The startup stated that its software has been used to power over 100,000 flights across the US, Canada, New Zealand, the Middle East, and Australia, with organisations working in the fields of public safety, asset inspection, and agriculture particularly interested in Cape’s technology.
As it looks to push this growth, Cape stated that its investors were chosen for their strategic value, with the funding to be put towards expanding the startup’s research and development and developing its go-to-market teams.
Having identified Australia as a country that “would benefit from the use of drones across a number of industrial and government verticals”, the startup stated that Telstra “is clearly key to the development of the market in Australia and will also contribute to the broader market development via its strategic role throughout the region”.
Chris Rittler, appointed CEO of Cape with the closing of the Series A round, said, “Market adoption is happening because enterprise customers can use Cape software today.
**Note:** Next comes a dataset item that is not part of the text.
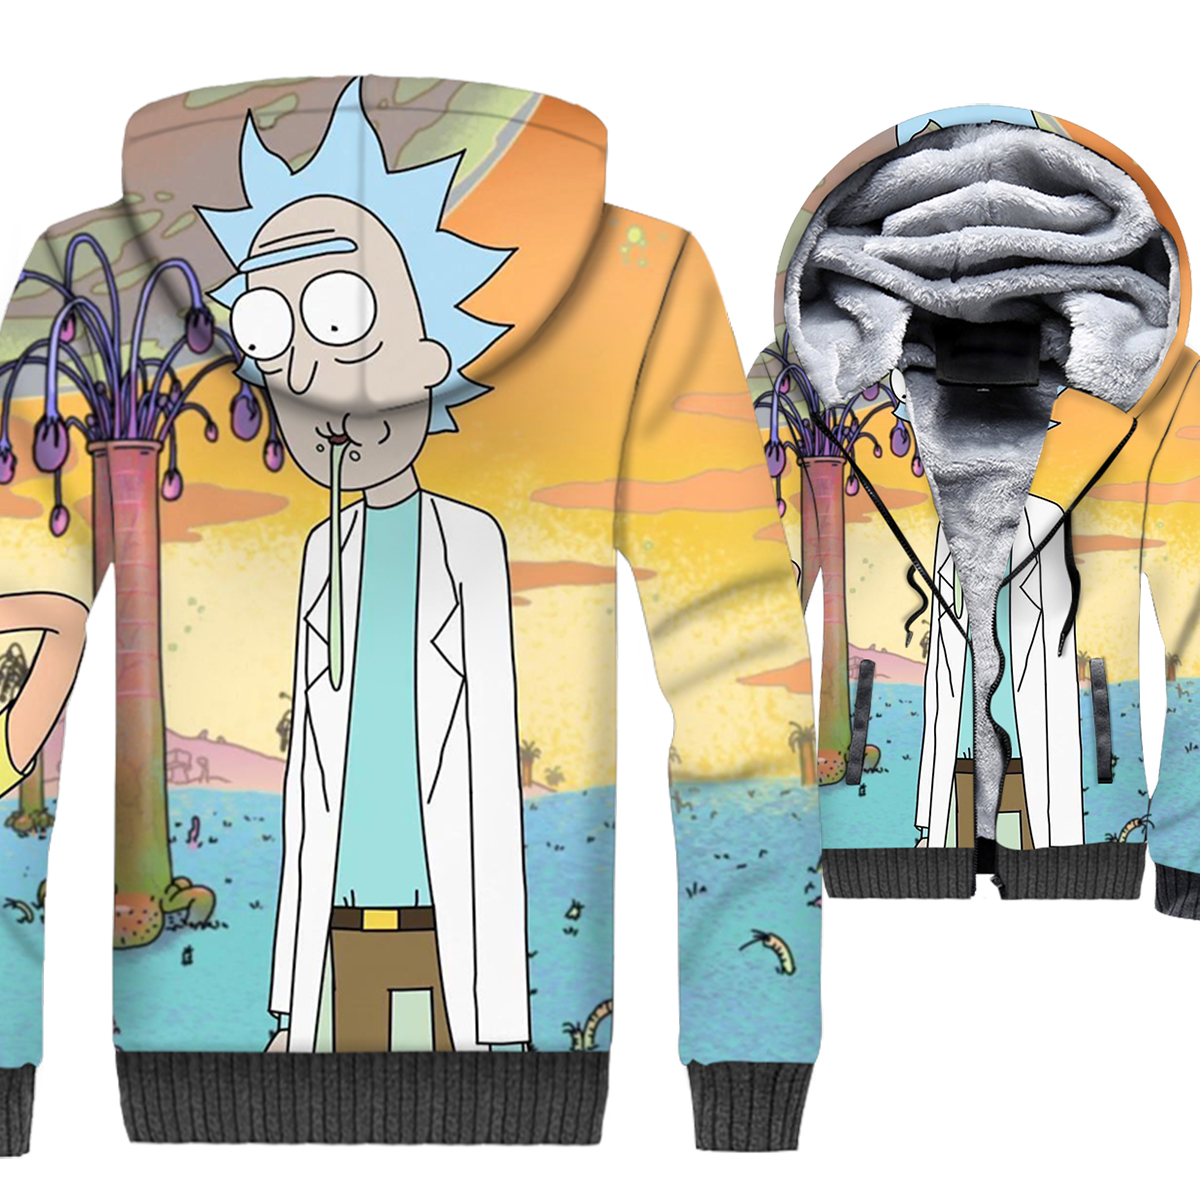 2018 New Arrival Men 39 s Sweatshirts For Autumn Winter Fleece Coats RICK AND MORTY 3D Printed Clothing Hip Hop Hoodies For Men Top in Hoodies amp Sweatshirts from Men 39 s Clothing

We are excited to bring Cape to Australia so that Telstra customers can benefit from these advancements.”
Matthew Koertge, managing director of Telstra Ventures, added, “Cape’s drone remote control and AI platform is an important emerging technology with diverse applications and benefits across industries.
“We are excited to support Cape as it innovates and delivers compelling value to its customers, enabling them to maximize the benefits of drones in a unique and powerful way.”
As well as selling drones to customers, Telstra itself has been using drones to conduct inspections.
The company announced in October that it would be using drones in Tasmania to “better assess the suitability of new sites for infrastructure, improve safety for local employees, and improve repair times in the event of extreme weather or natural disasters”.
Telstra explained that previously technicians would have to climb towers or bring in cherry pickers to assess a situation, a particularly lengthy process in regional areas where land may be uneven or muddy and extra care must be taken.
The decision to put the drones to work in Tasmania came after the telco conducted a trial across Queensland and New South Wales.